Obtain OpenAI API key

Sign up for an OpenAI account at platform.openai.com and create an API key. You’ll need billing configured on your OpenAI account.
2

Add provider in Admin Portal

In the Admin Portal, add a new provider.Select OpenAI-compatible as the provider type (this also covers Azure OpenAI and any OpenAI-compatible endpoint).
3

Enter API key

Paste your OpenAI API key. Click Store in Vault to securely save it in HashiCorp Vault.You’ll see a reference like vault:openai/api_key — the actual key is never displayed again.
4

Configure default settings (optional)

Set platform-wide defaults:
  • Default organization ID (if using OpenAI org structure)
  • Request timeout (default: 60 seconds)
  • Retry settings (attempts and backoff)
5

Test connection

Click Test Connection. MagOneAI will make a test API call to verify:
  • API key is valid
  • Models are accessible
  • Network connectivity is working
6

Assign to organizations

Choose which MagOneAI organizations can use OpenAI models. You can enable for all orgs or select specific ones.

Function calling

All OpenAI models support native function calling. When you attach tools to an agent using an OpenAI model, MagOneAI automatically formats tool definitions in OpenAI’s function calling format and processes tool calls from the model’s responses.

Vision support

GPT-4o and GPT-4o-mini support vision. Send images as part of the input:
  • Image URLs (must be publicly accessible or signed URLs)
  • Base64-encoded images
  • File uploads processed by MagOneAI
Vision models can:
  • Extract text from documents (OCR)
  • Understand charts and diagrams
  • Answer questions about images
  • Describe image content
Use vision models for document processing, visual QA, and multimodal workflows.

Cost considerations

OpenAI pricing (as of 2024, subject to change):
ModelInput (per 1M tokens)Output (per 1M tokens)Vision (per image)
GPT-4o$5.00$15.00~$0.003
GPT-4o-mini$0.15$0.60~$0.0001
o1$15.00$60.00-
o3-mini$1.10$4.40-
Optimization tips:
  • Use GPT-4o-mini for simple tasks (10x cheaper than GPT-4o)
  • Use o1 only when extended reasoning is truly needed (very expensive)
  • Set per-token cost on each model so usage analytics reflect real spend

Anthropic configuration

Anthropic provides the Claude family of models, known for their extended context windows and strong reasoning capabilities.

Supported models

Claude 4.5 Sonnet — Latest flagship model with strong performance
  • Context: 200K tokens (experimental 1M available)
  • Vision: Yes
  • Function calling: Yes (via “tool use”)
  • Best for: Production workloads, complex analysis, extended context tasks
Claude Opus 4.6 — Most capable Claude model
  • Context: 200K tokens
  • Vision: Yes
  • Function calling: Yes
  • Best for: Most complex reasoning, strategic analysis, nuanced understanding
Claude Haiku — Fast, lightweight Claude model
  • Context: 200K tokens
  • Vision: Yes (select versions)
  • Function calling: Yes
  • Best for: High-volume tasks, classification, fast response needs

Setup steps

1

Obtain Anthropic API key

Sign up for an Anthropic account at console.anthropic.com and create an API key.

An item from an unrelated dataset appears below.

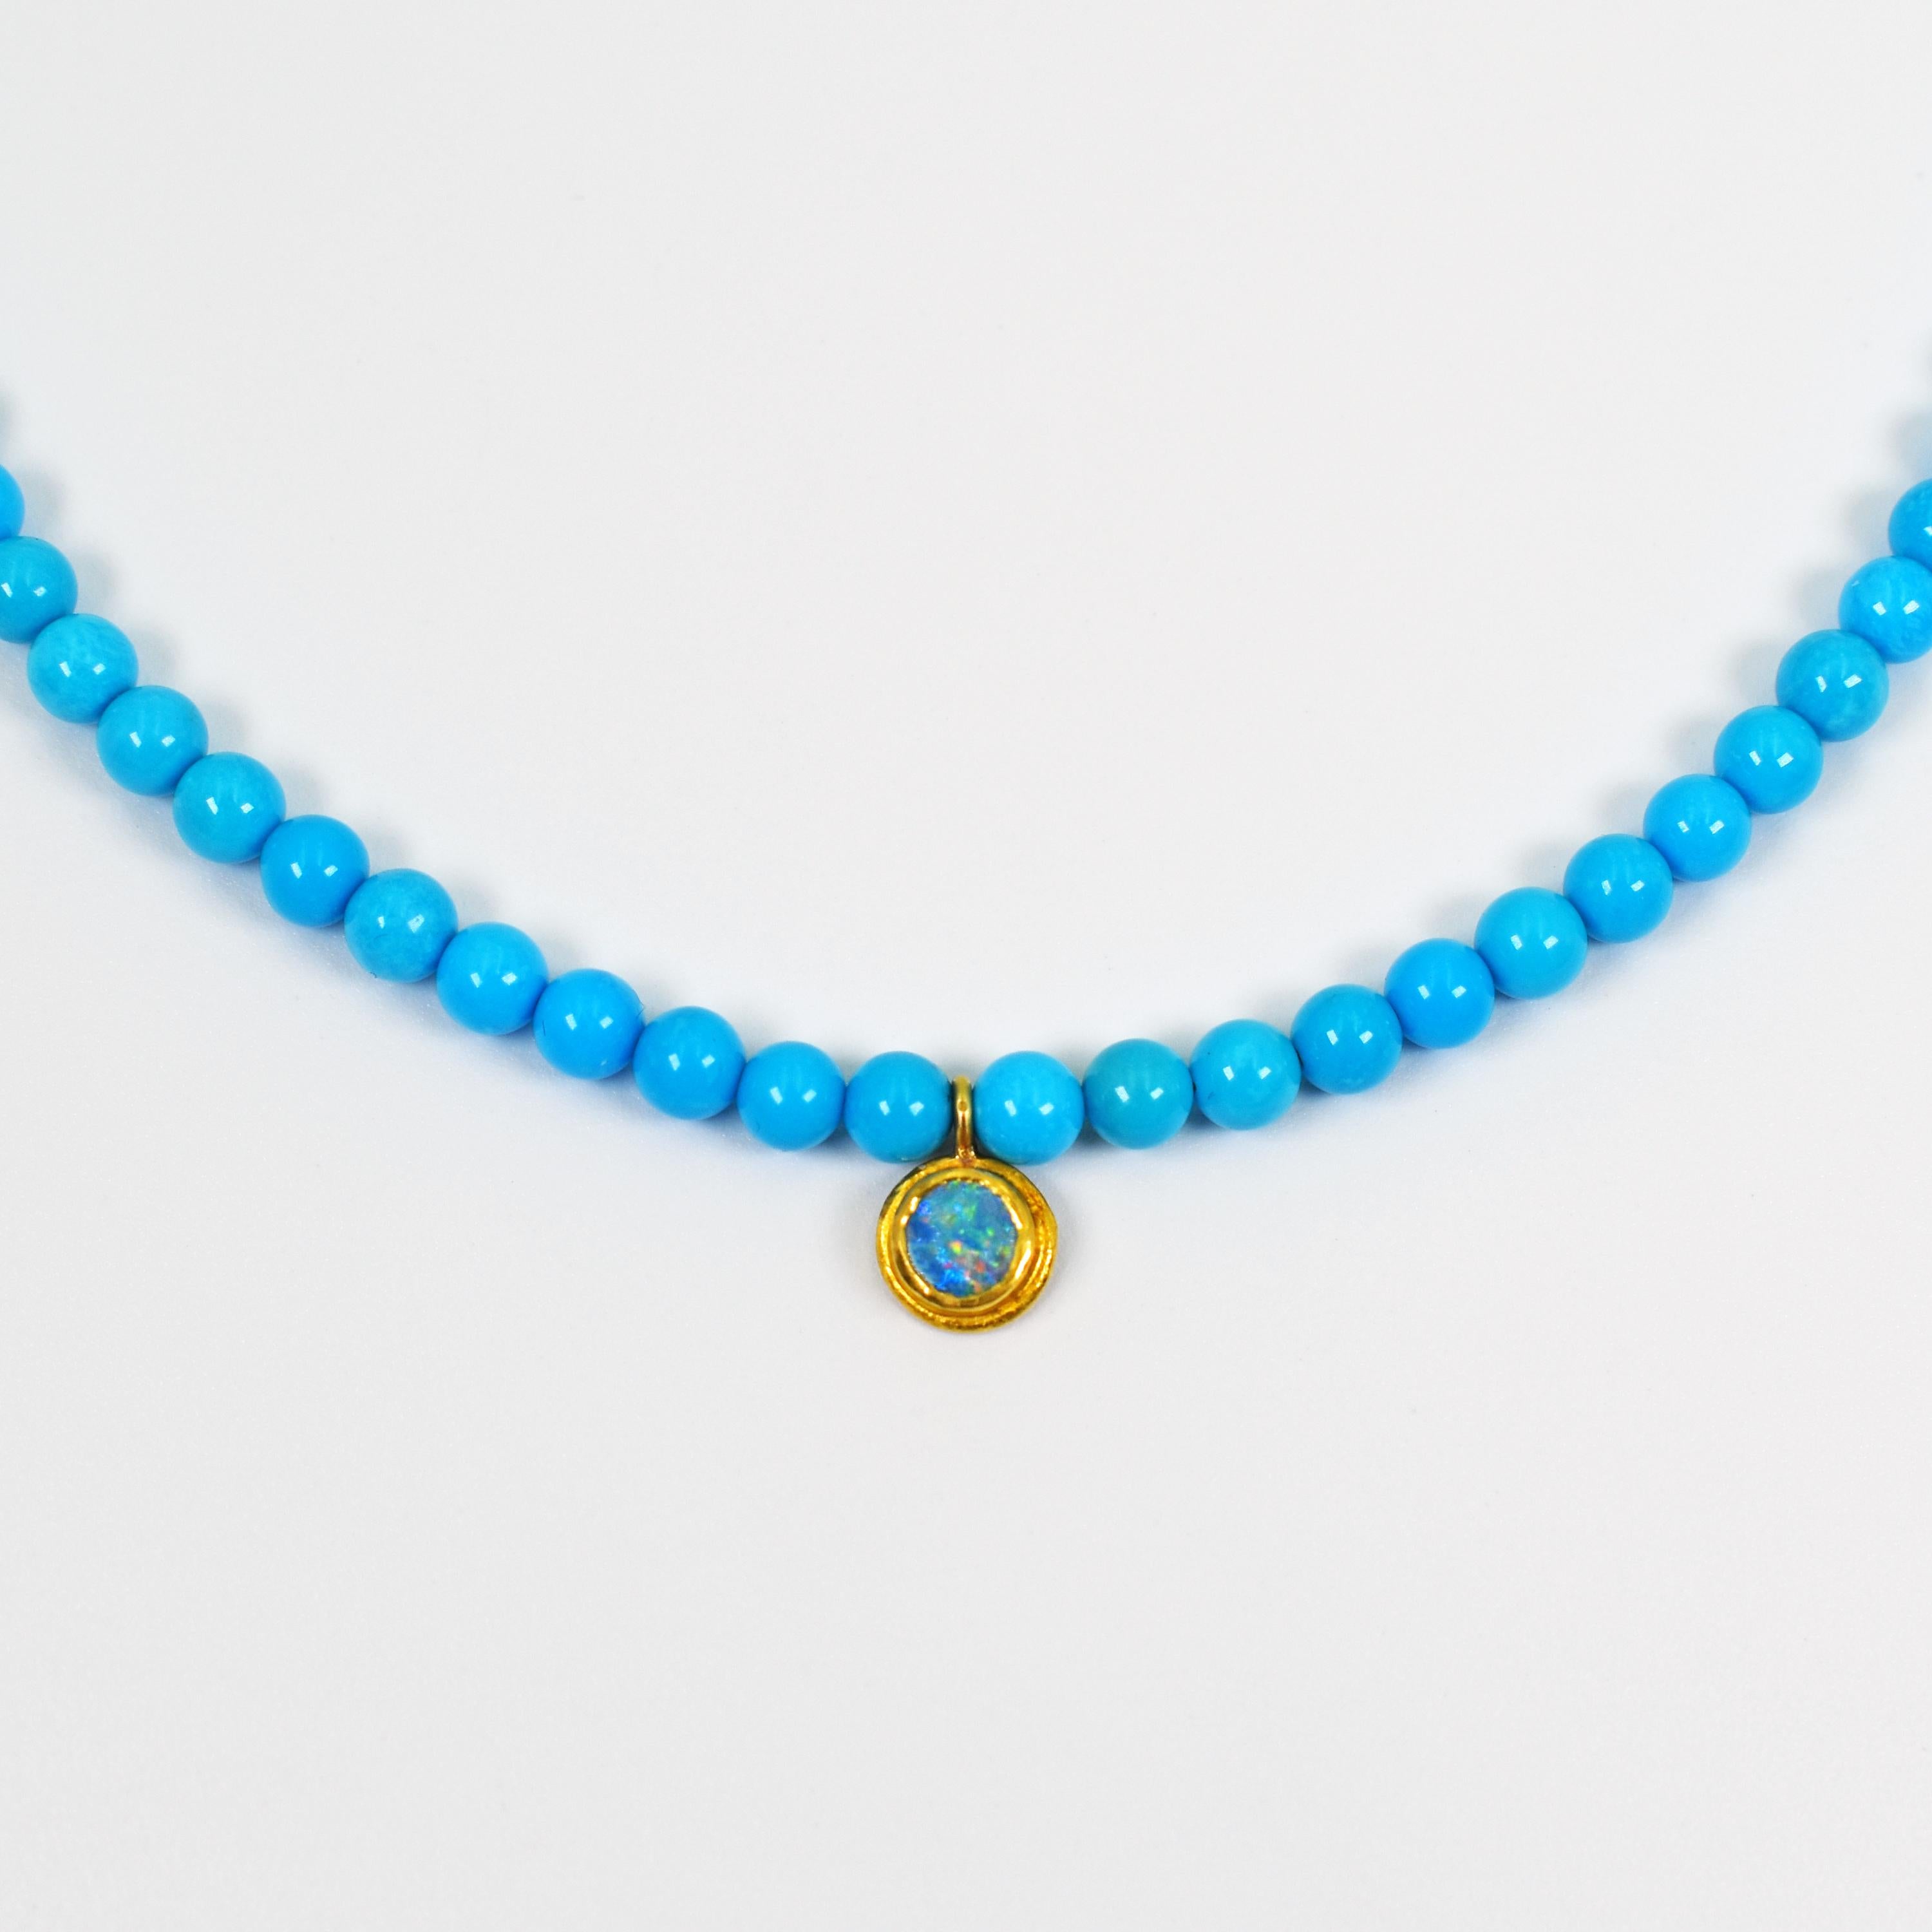 Blue Opal and 22k yellow gold charm pendant on a coveted pure blue Sleeping Beauty Turquoise beaded necklace. Beaded necklace is 16 inches in length, and is finished with a 22k gold hook closure.

Configure billing on your account.
2

Add provider in Admin Portal

In the Admin Portal, add a new provider.Select Anthropic as the provider type.
3

Enter API key

Paste your Anthropic API key. Click Store in Vault to securely save it in HashiCorp Vault.
4

Test connection

Click Test Connection to verify API access and model availability.
5

Assign to organizations

Choose which MagOneAI organizations can use Anthropic models.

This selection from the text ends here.